In a world where youth are increasingly left without moral guidance, where the distinction between right and wrong is being lost, only the power of the Word of God can regenerate the spiritual senses.  


The Word of God, as the Bahá’í Writings say, illumines the realm of thought and morals.

An effective education and guidance should prepare the youth to act in the long-term interests of humanity as a whole.


Such education and preparation involves instilling in them the awareness of the fundamental oneness of mankind and a sense of world citizenship.


Enhancing capacity requires conversing with the youth and also listening to their opinions.

It involves guiding them to analyse the constructive and destructive forces operating in society and recognise the influence these forces have on their thoughts and actions.


Independent investigation of reality, whether scientific or religious, leads to individual conviction, rather than imitating others, and will help the youth to free themselves from prejudices and preconceptions.  


In addition, in the Bahá’í view, adequate youth programmes should combine science and religion, belief and reason, in order to free the youth from religious fanaticism and superstitions.
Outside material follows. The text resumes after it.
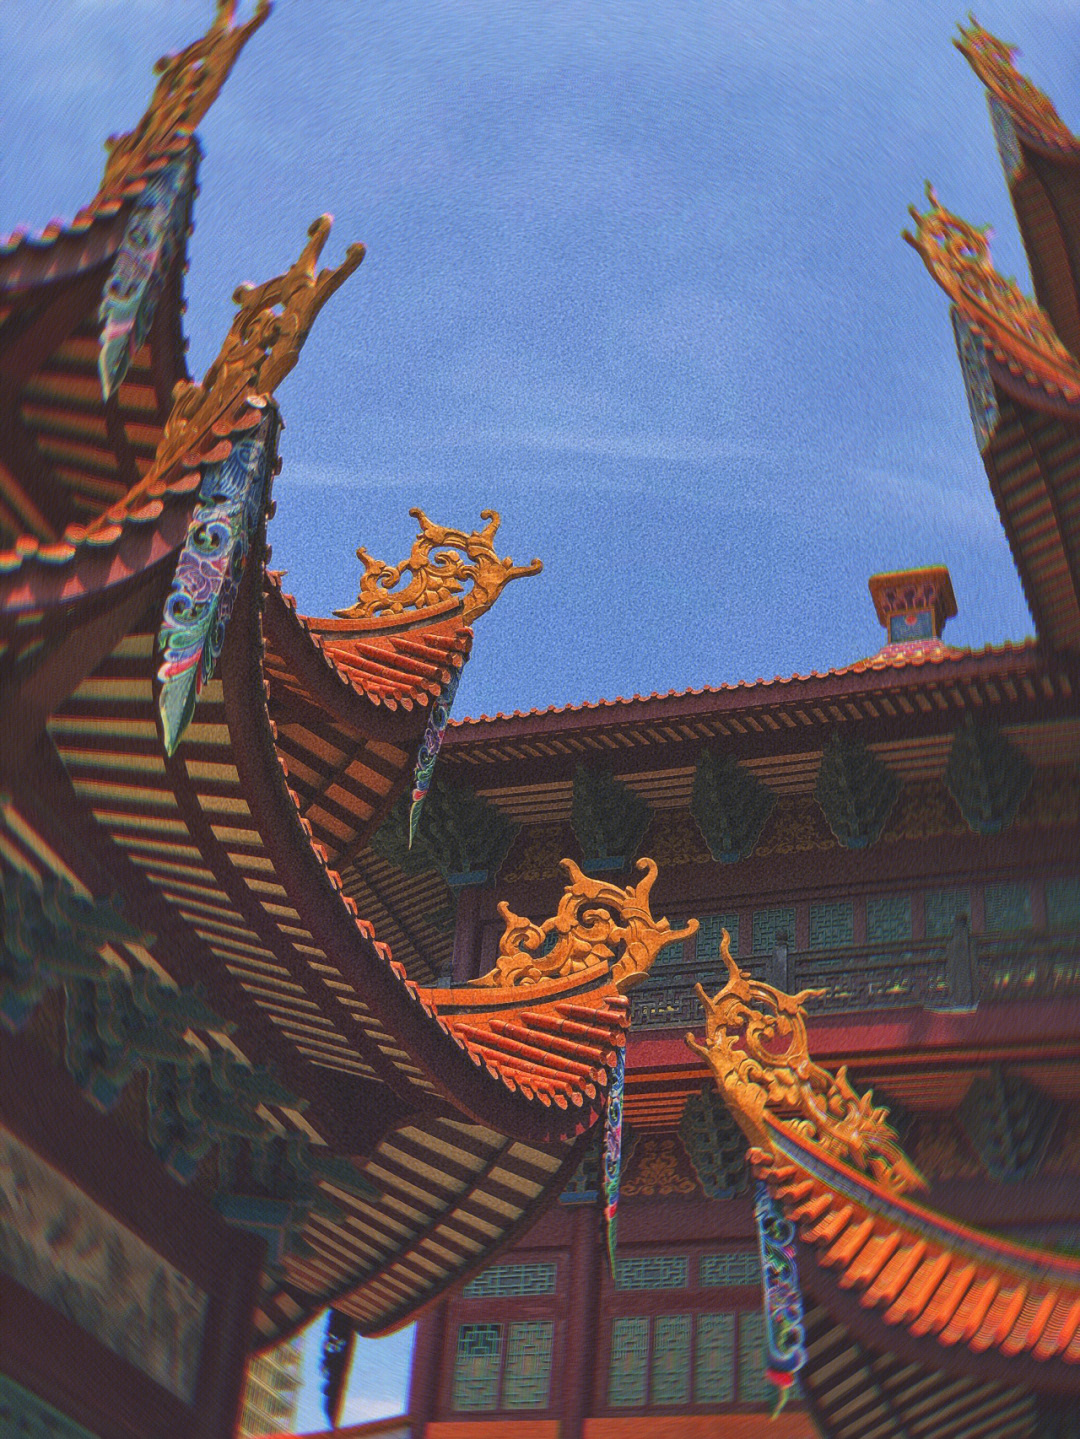 福州旅行 西禅寺,名列福州五大禅林之一,为全国重点寺庙,位于西郊怡

Placing emphasis on learning to think, rather than following adults out of fear, to reflect and reason, rather than to imitate, will motivate them to apply the spiritual laws with understanding and conviction.

It is also important that youth are guided to express their God-given talents and capacities in service to humanity.


The new paradigm advanced by the Bahá’í Faith focuses on empowering youth to become agents of constructive social change in their communities.

It is through service to others that one can bring social transformation and change one’s life from predominantly self-interest to one of sharing and caring for others.

Education in service of community is essential for transformation of the individual and community life and to enhance the capacity of youth “to carry forward an ever advancing civilisation”.

“The future of today’s society will depend to a great extent on the manner in which educational programmes and methods are designed to release the latent potential of youth and prepare them for the world they will inherit.”


Parents and educators have the responsibility and the privilege to assist the youth to adopt lofty aims, be inspired by noble thoughts and develop qualities and abilities that will enhance their lives and prepare them for serving humanity and creating a better world.